▶ [What is being asked]:
Each line from the material with the word "Diamanten" in it must be copied.
# # # #
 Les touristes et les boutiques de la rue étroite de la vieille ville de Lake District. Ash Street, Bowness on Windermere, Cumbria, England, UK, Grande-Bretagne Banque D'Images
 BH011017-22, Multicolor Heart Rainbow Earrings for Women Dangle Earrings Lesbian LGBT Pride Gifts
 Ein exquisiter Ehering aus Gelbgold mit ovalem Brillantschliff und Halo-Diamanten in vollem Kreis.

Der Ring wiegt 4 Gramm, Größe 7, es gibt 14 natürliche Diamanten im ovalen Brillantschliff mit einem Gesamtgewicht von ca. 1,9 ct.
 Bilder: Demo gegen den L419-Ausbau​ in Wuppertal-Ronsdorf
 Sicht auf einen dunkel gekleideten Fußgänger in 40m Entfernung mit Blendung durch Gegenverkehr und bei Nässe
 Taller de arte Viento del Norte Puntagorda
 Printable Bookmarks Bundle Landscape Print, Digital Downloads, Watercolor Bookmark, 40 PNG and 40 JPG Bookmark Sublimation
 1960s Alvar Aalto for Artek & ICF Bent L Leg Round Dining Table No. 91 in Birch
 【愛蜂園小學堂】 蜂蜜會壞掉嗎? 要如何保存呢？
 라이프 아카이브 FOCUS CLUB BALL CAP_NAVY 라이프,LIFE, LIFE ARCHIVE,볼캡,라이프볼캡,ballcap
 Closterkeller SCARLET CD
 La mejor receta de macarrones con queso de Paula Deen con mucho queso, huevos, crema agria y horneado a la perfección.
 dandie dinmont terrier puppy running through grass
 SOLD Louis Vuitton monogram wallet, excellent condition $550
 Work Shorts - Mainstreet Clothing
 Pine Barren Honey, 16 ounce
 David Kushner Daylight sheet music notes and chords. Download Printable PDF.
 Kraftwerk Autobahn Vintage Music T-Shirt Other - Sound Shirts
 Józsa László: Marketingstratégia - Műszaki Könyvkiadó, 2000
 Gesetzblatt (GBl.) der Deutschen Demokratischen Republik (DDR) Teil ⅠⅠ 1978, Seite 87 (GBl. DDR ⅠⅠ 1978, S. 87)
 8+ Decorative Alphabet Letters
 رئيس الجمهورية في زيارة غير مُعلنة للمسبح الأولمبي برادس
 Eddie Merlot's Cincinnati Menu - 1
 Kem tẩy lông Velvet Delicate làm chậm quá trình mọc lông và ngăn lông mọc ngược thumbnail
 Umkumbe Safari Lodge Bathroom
# # # #
▶ [Written solution]:
 Ein exquisiter Ehering aus Gelbgold mit ovalem Brillantschliff und Halo-Diamanten in vollem Kreis.
Der Ring wiegt 4 Gramm, Größe 7, es gibt 14 natürliche Diamanten im ovalen Brillantschliff mit einem Gesamtgewicht von ca. 1,9 ct.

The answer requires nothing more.